Continuation of Suspension of Liquidation

    In accordance with section 733(d)(1)of the Act 19 USC 1673b(d)(1), 
we directed the Customs Service to suspend liquidation of all entries 
of OCTG from Austria, as defined in the ``Scope of Investigation'' 
section of this notice, that are entered, or withdrawn from warehouse, 
for consumption on or after February 2, 1995.
    Pursuant to the results of this final determination, we will 
instruct the Customs Service to require a cash deposit or posting of a 
bond equal to the estimated final dumping margin, as shown below for 
entries of OCTG from Austria that are entered, or withdrawn from 
warehouse, for consumption from the date of publication of this notice 
in the Federal Register. The suspension of liquidation will remain in 
effect until further notice.

------------------------------------------------------------------------
                                                                Margin  
               Producer/manufacturer/exporter                 percentage
------------------------------------------------------------------------
Voest-Alpine Stahlrohr Kindberg GmbH.......................        12.72
All Others.................................................        12.72
------------------------------------------------------------------------

ITC Notification

    In accordance with section 735(d) of the Act, we have notified the 
ITC of our determination. The ITC will make its determination whether 
these imports materially injure, or threaten injury to, a U.S. industry 
within 45 days of the publication of this notice.

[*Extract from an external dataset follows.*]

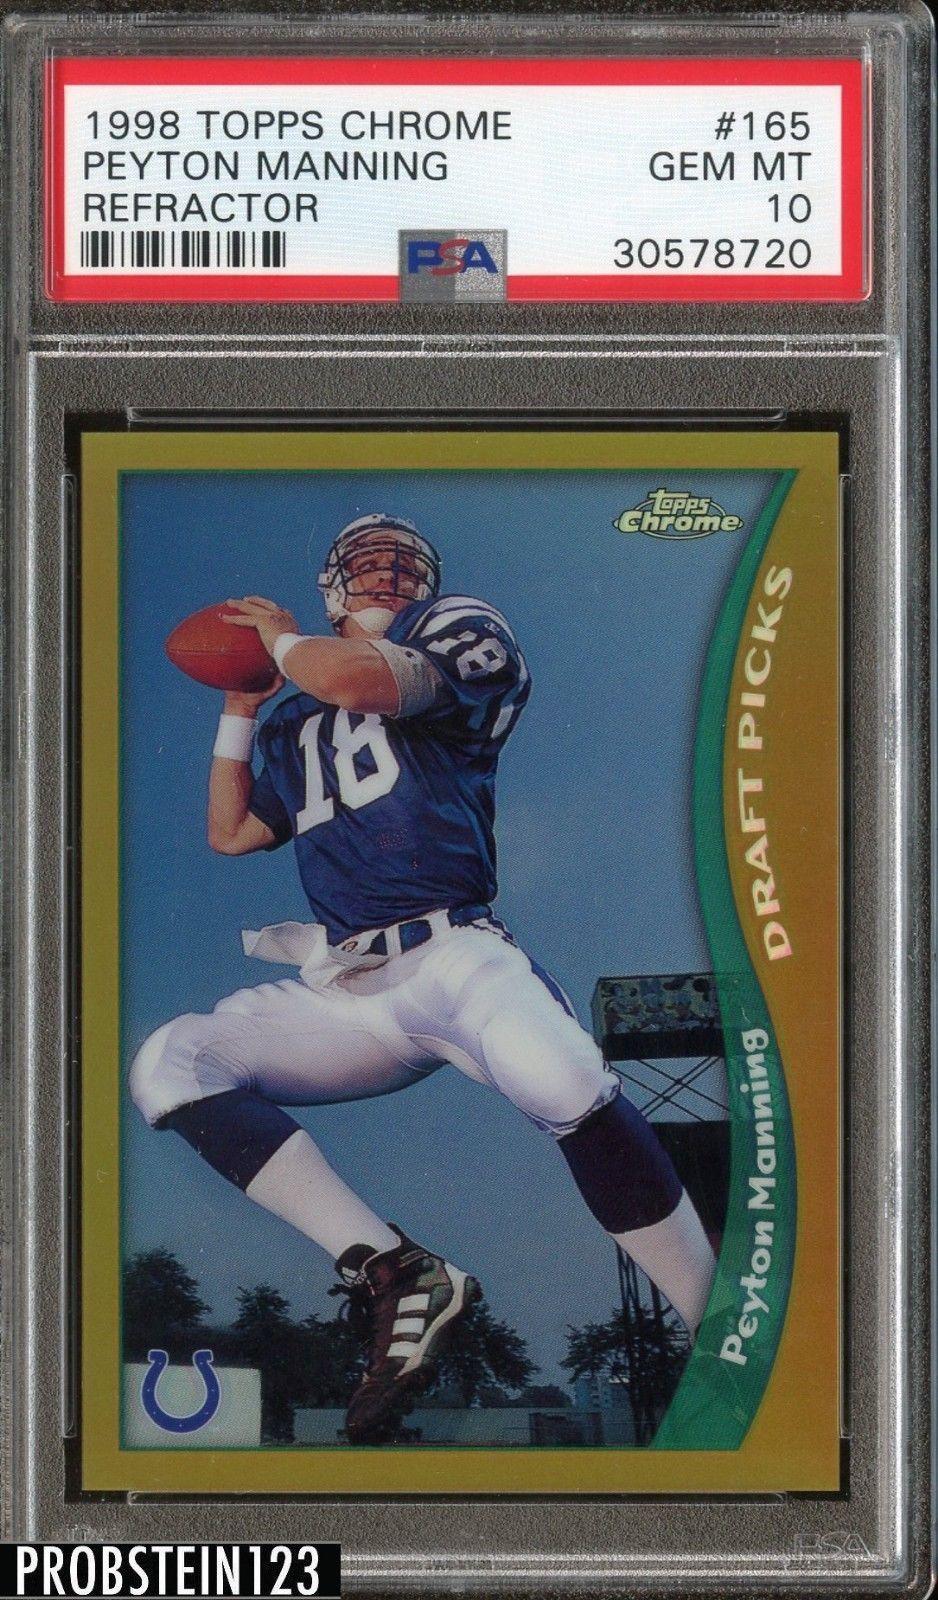 1998 topps chrome refractor 165 peyton manning rc rookie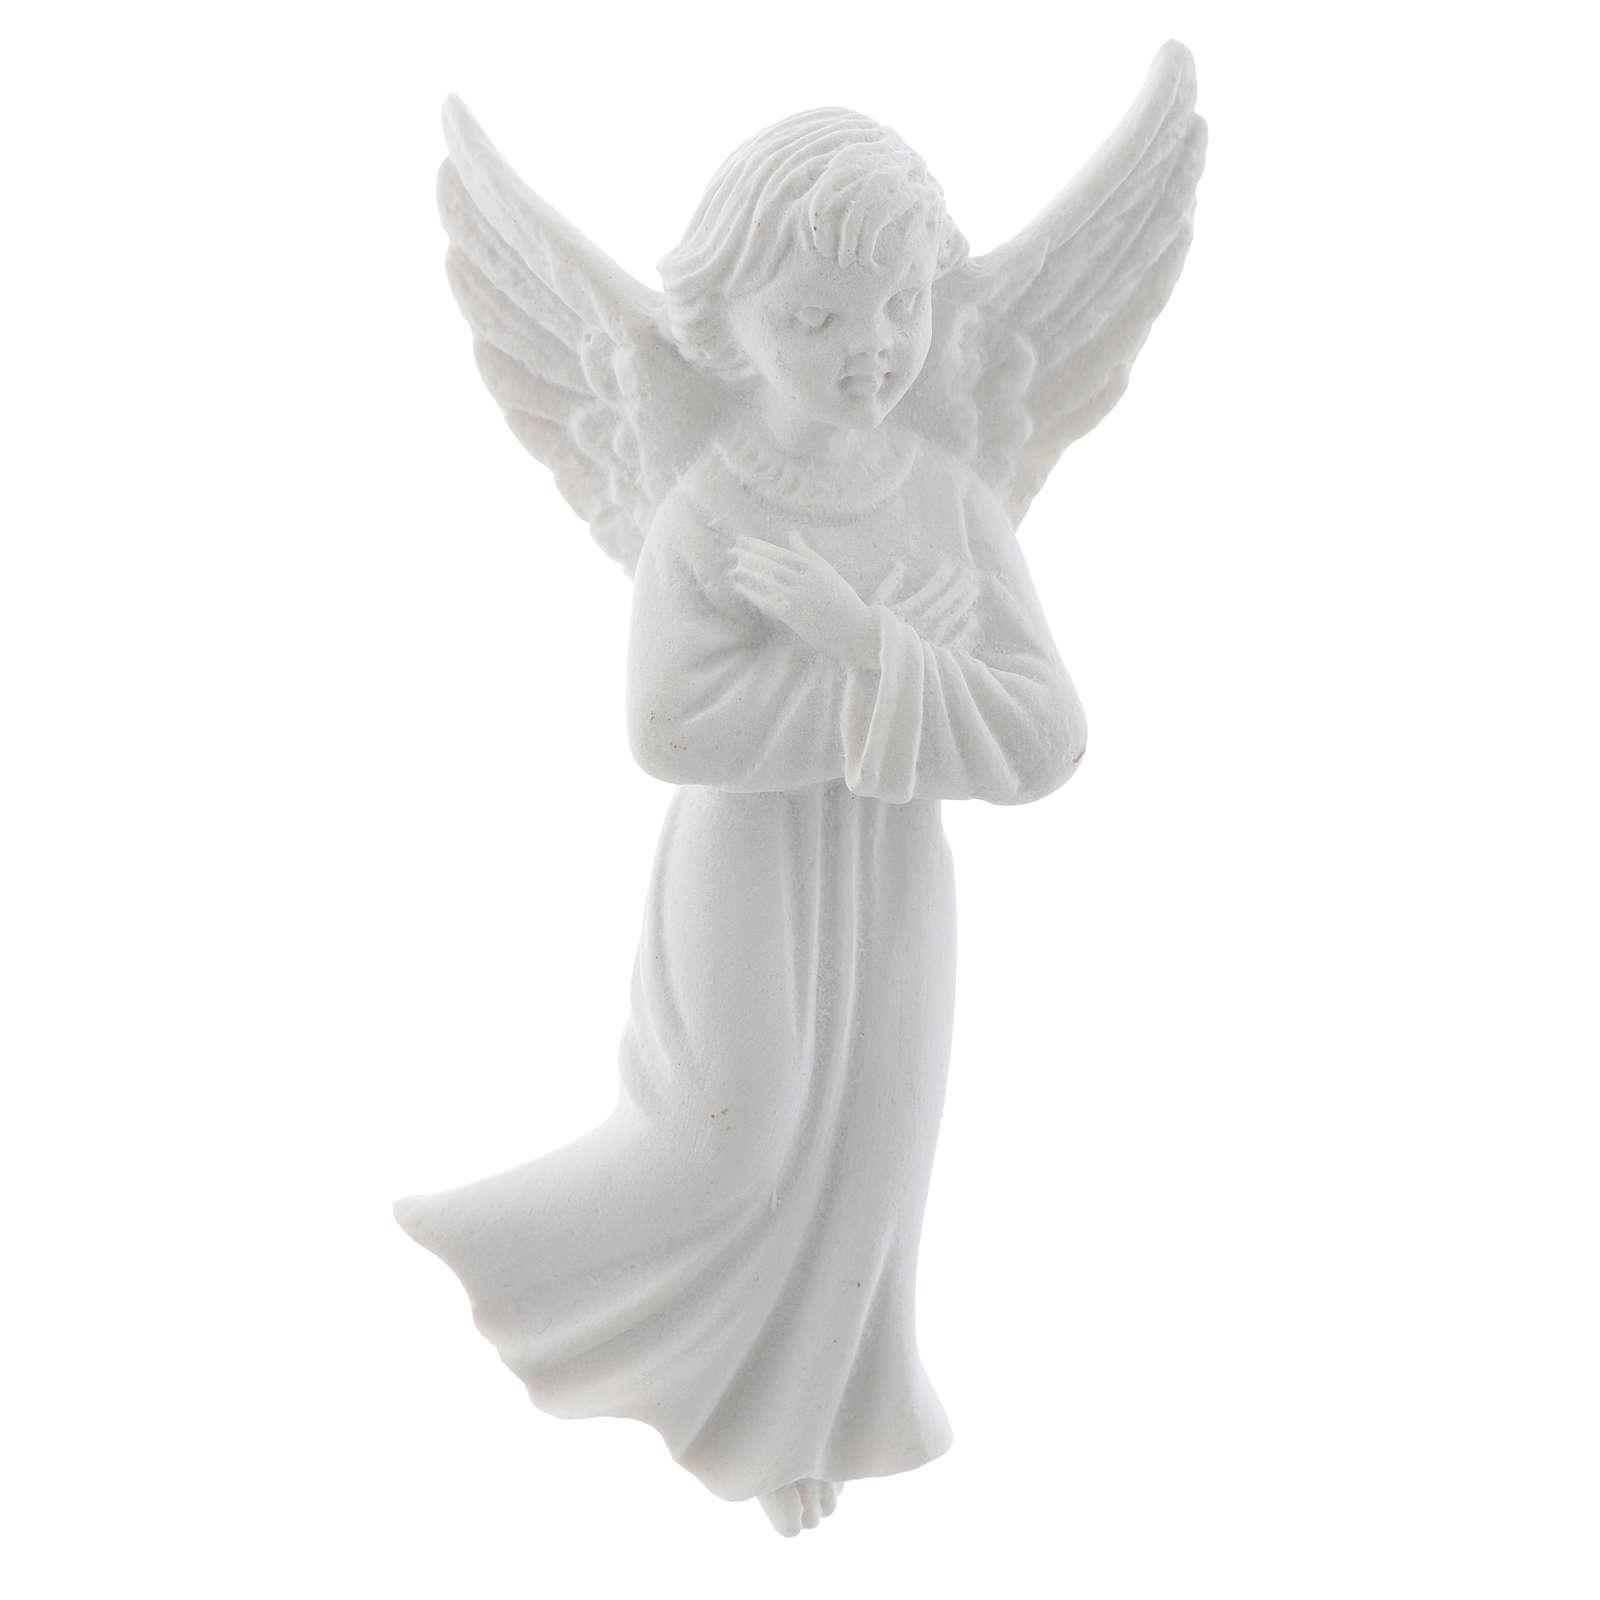 Angelo con mani incrociate 11 cm rilievo marmo 3

If the ITC determines 
that material injury or threat of material injury does not exist, the 
proceeding will be terminated and all securities posted as a result of 
the suspension of liquidation will be refunded or cancelled. However, 
if the ITC determines that such injury does exist, the Department will 
issue an antidumping duty order.

Notification to Interested Parties

    This notice serves as the only reminder to parties subject to 
administrative protective order (APO) in this investigation of their 
responsibility covering the return or destruction of proprietary 
information disclosed under APO in accordance with 19 CFR 353.34(d). 
Failure to comply is a violation of the APO.
    This determination is published pursuant to section 735(d) of the 
Act (19 U.S.C. 1673(d)) and 19 CFR 353.20.

    Dated: June 19, 1995.
Susan G. Esserman,
Assistant Secretary for Import Administration.